Parliaments are usually pretty good at keeping fringe parties out the legislature as long as they stick with first-past-the-post in constituency elections. It’s proportional representation that causes all the mischief with fringe parties getting a few seats and demanding a voice in the minority coalition PR inevitably produces. In Canada, the Greens usually elect only their elderly leader from Vancouver where she is personally and sentimentally popular. When she hangs up her skates, the party will probably fold. A far-right (by Canadian standards) party has yet to elect a single MP. But both parties draw 5-10% of the vote nationally, enough to get them seats under PR. (I don’t mean to diss either party except to acknowledge that fringe they are.)
The big drawback in Parliaments is that the Commons (legislature) has, as the unwritten power of the Prime Minister has grown, become beholden to the executive Cabinet instead of the other way round as Responsible Government is supposed to work. The Commons can bring down the Government at any moment with a non-confidence motion but in practice it only ever does if the government lacks a majority, as now in Canada. It’s precisely when the government has a majority that you wish you had a brake on its dreams of tyranny, which we don’t.
Considering all the centrifugal forces acting after 1775 or so on what would become the United States, I think the founding fathers of the Republic did a pretty darn good job. And give Betsy Ross the credit for designing a flag that could accommodate Manifest Destiny with just a bit of seamstressing. (Kidding. I know the Ross story is sort of a myth.)
Ranked Choice Voting can also introduce strange people. A recent case in Alaska has a guy serving a 20 year prison sentence on the ballot.

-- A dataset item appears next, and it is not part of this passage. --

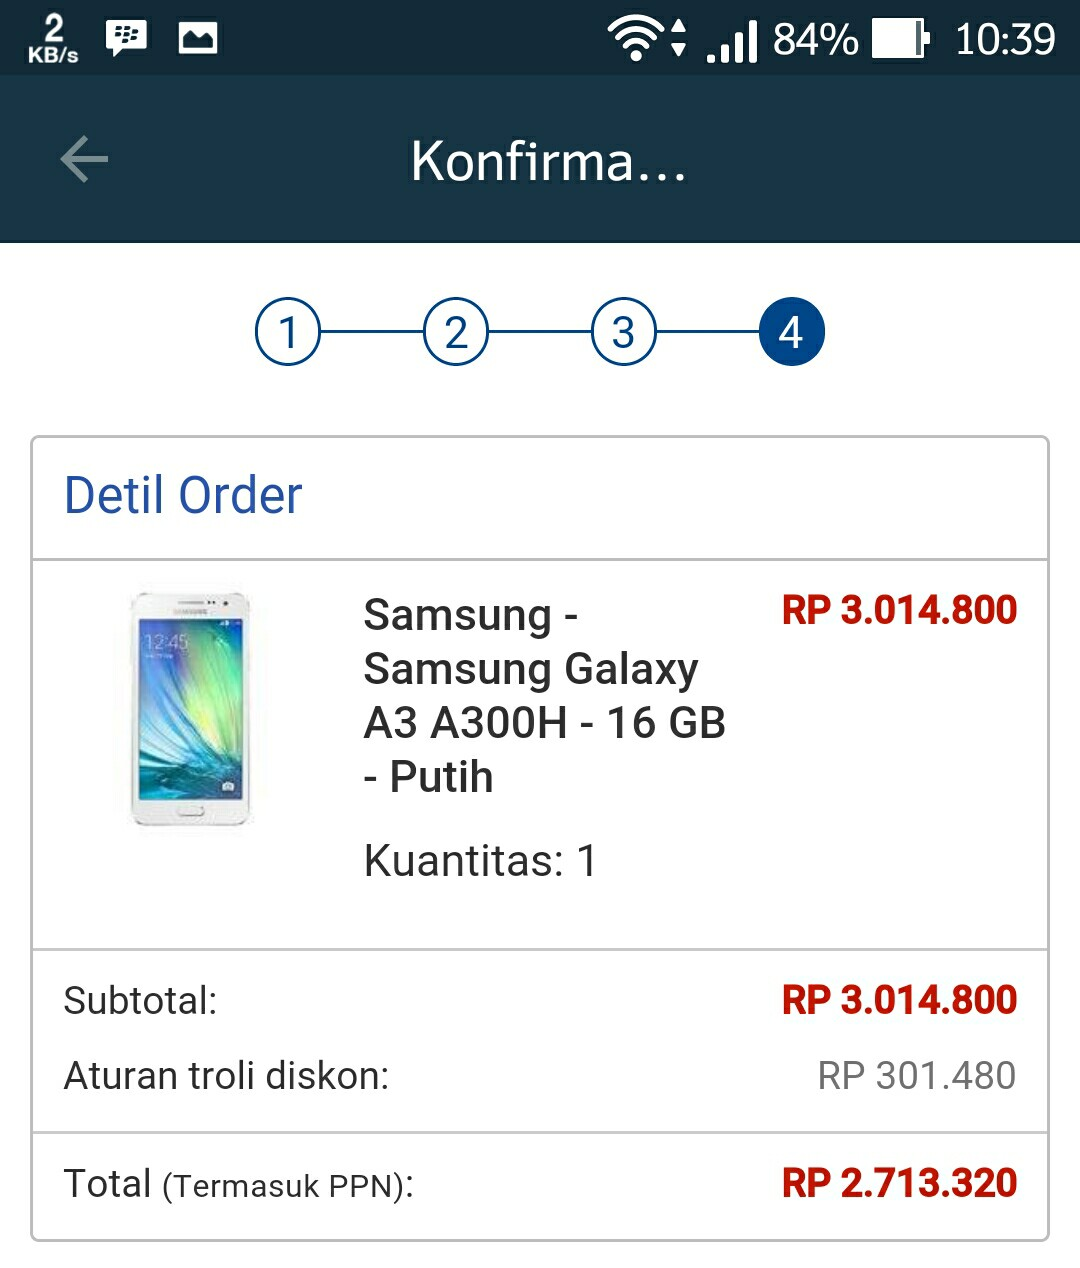 Harga Samsung Galaxy A3 Hari Ini Cuma Rp 2,7 Juta di #LazadaID, Mau?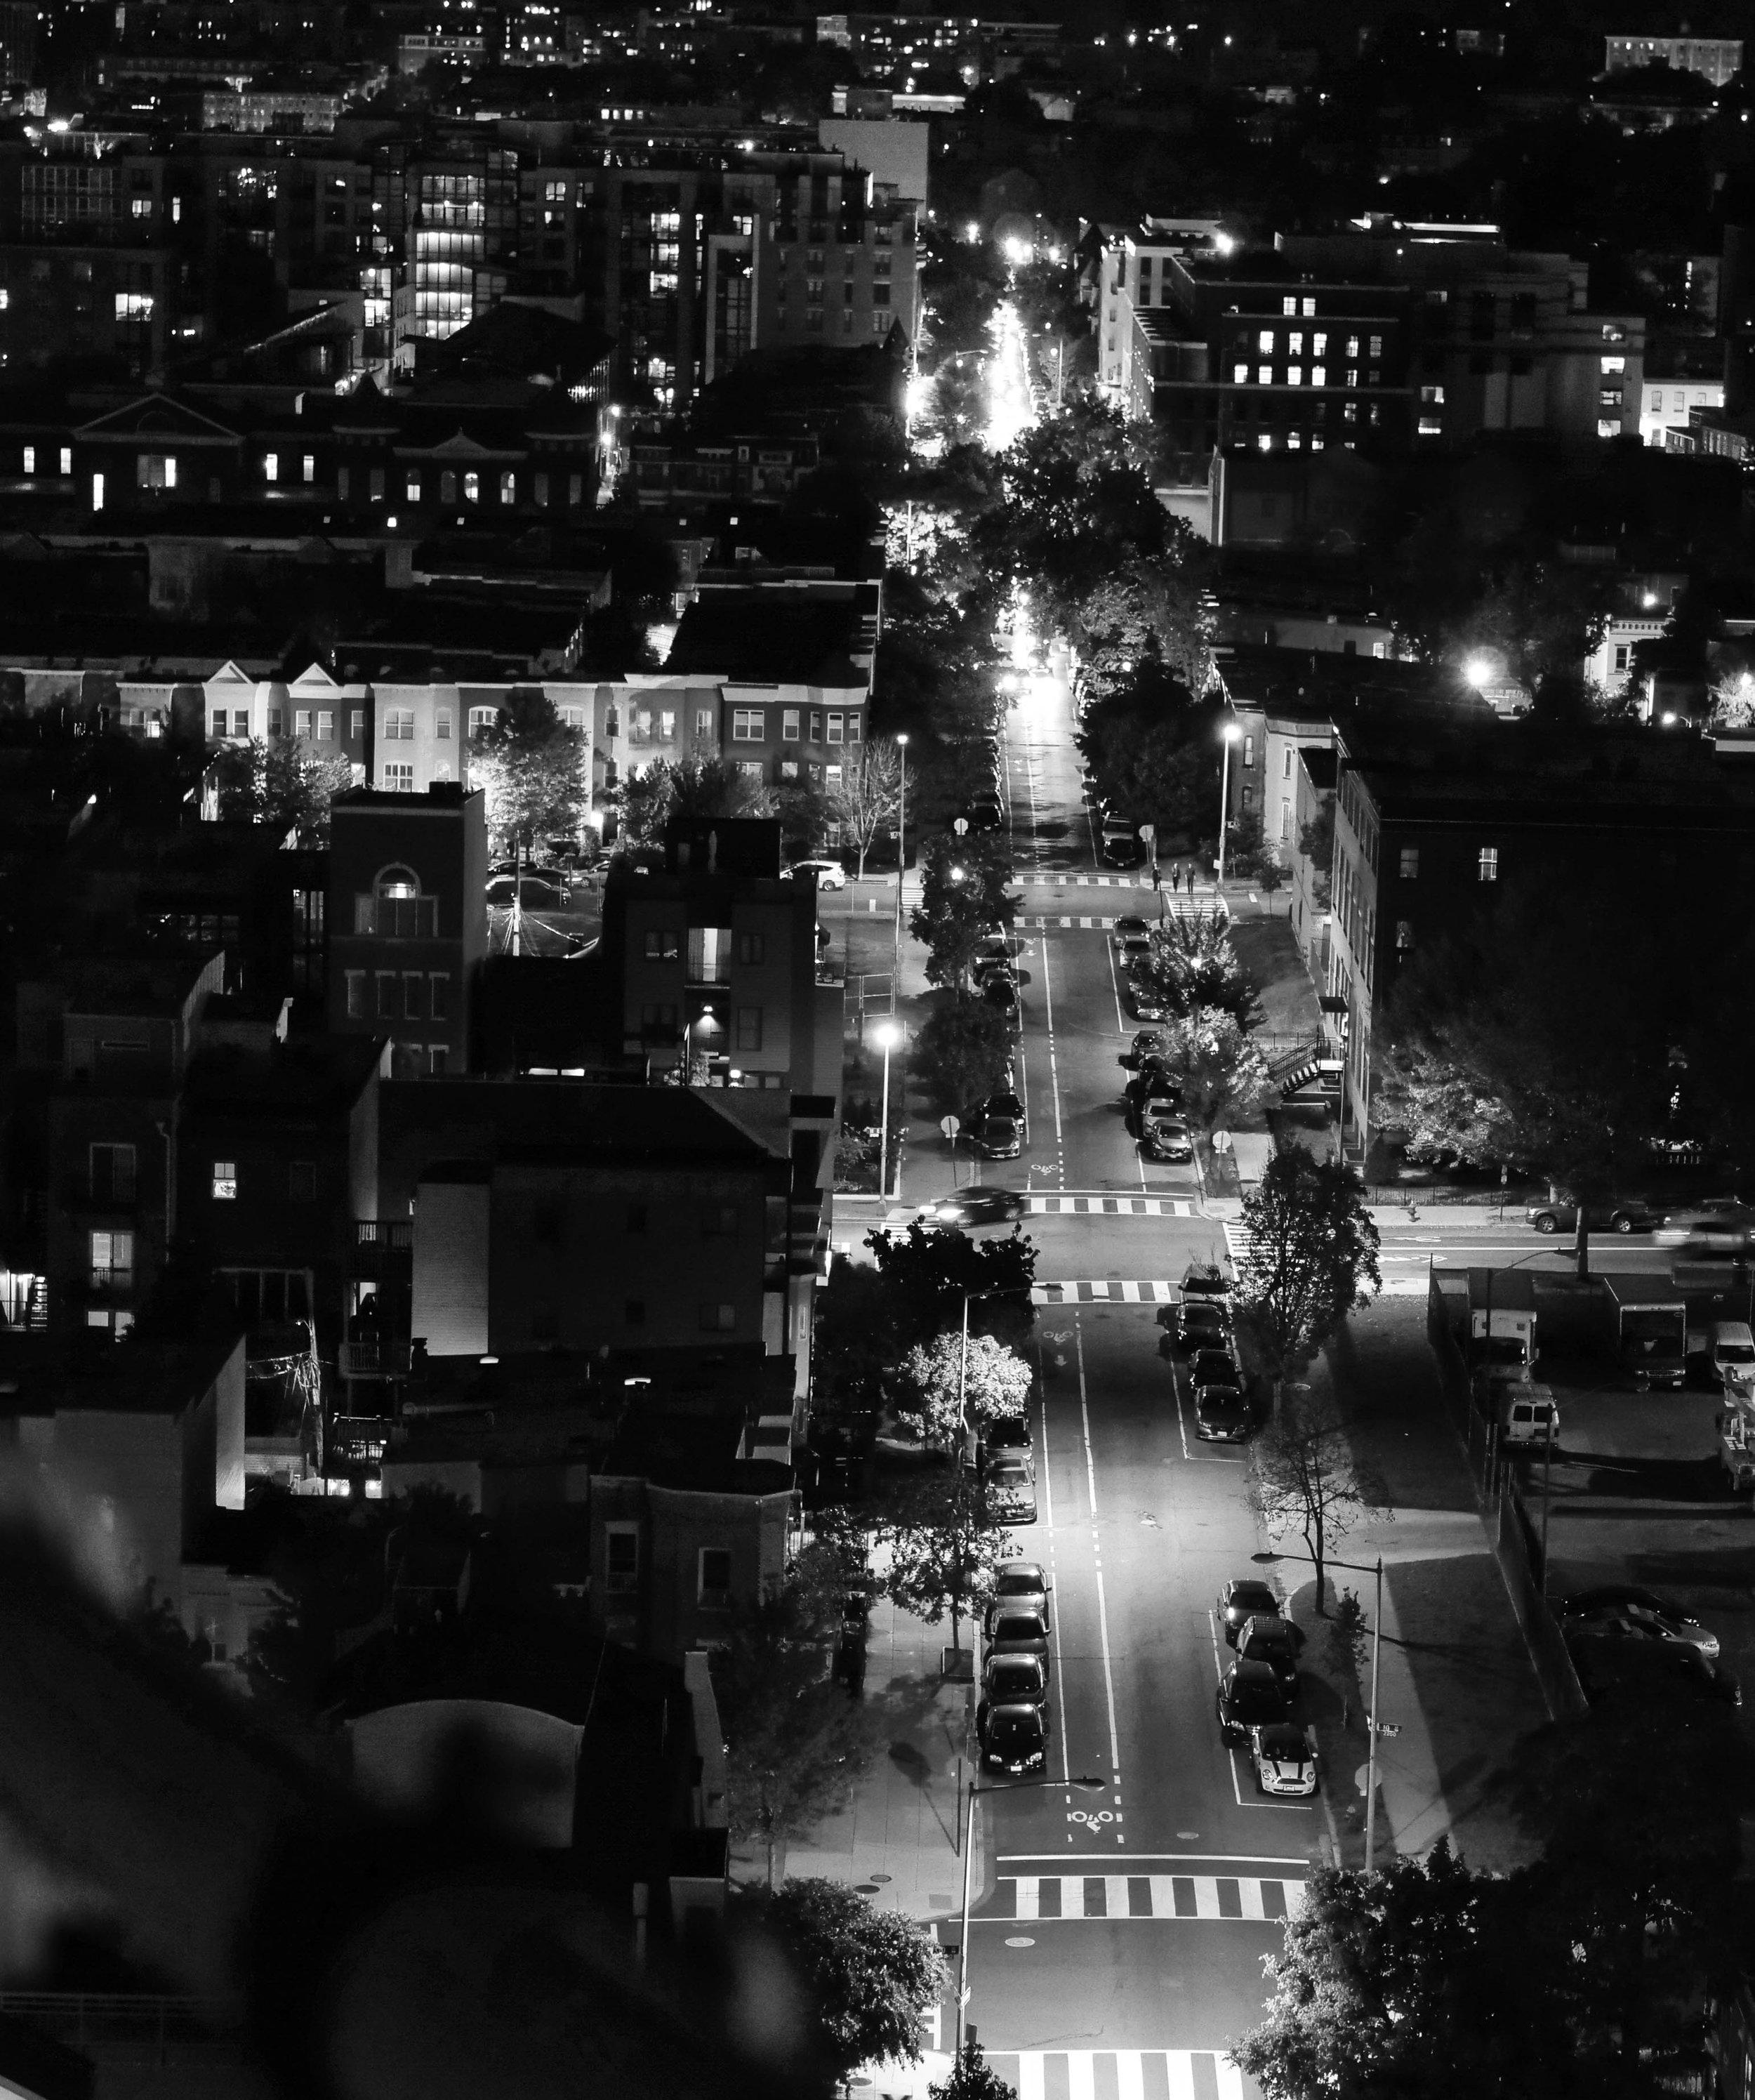 looking down the street bw-1366659.jpg

https://abcnews.go.com/amp/US/wireStory/judge-allows-man-serving-20-year-prison-sentence-113571512
I’m in favor of ranked choice voting in Arizona. There’s a proposition that will appear on our November ballot trying to enact it. I’ve heard fierce fighting against it — usually from the two big parties and since they are the ones who keep offering up lousy candidates (locally and federally, for the most part… a bit of a generalization), I’m all for opening up the field of contenders.
When it seems the two parties aren’t much different I can see the value of newcomers.
Sports, TV/Hollywood, and politics, the three pillars of the entertainment system in the US. What would people do without them?
+1
The United States election system is full of relics that are no longer relevant, from holding elections in November (after the harvest) to having elections on Tuesdays (to avoid travel time on Sundays). Unfortunately, this country is to attached to archaic systems and will never give them up in favor of improving things. It’s kind of surprising that we’re not still using pounds, shillings and pence.
Did you catch the hopeful comment Maher made when he first sat down with his panel? He said he thinks tRump is toast! It shocked me because he’s usually pretty reserved with his predictions.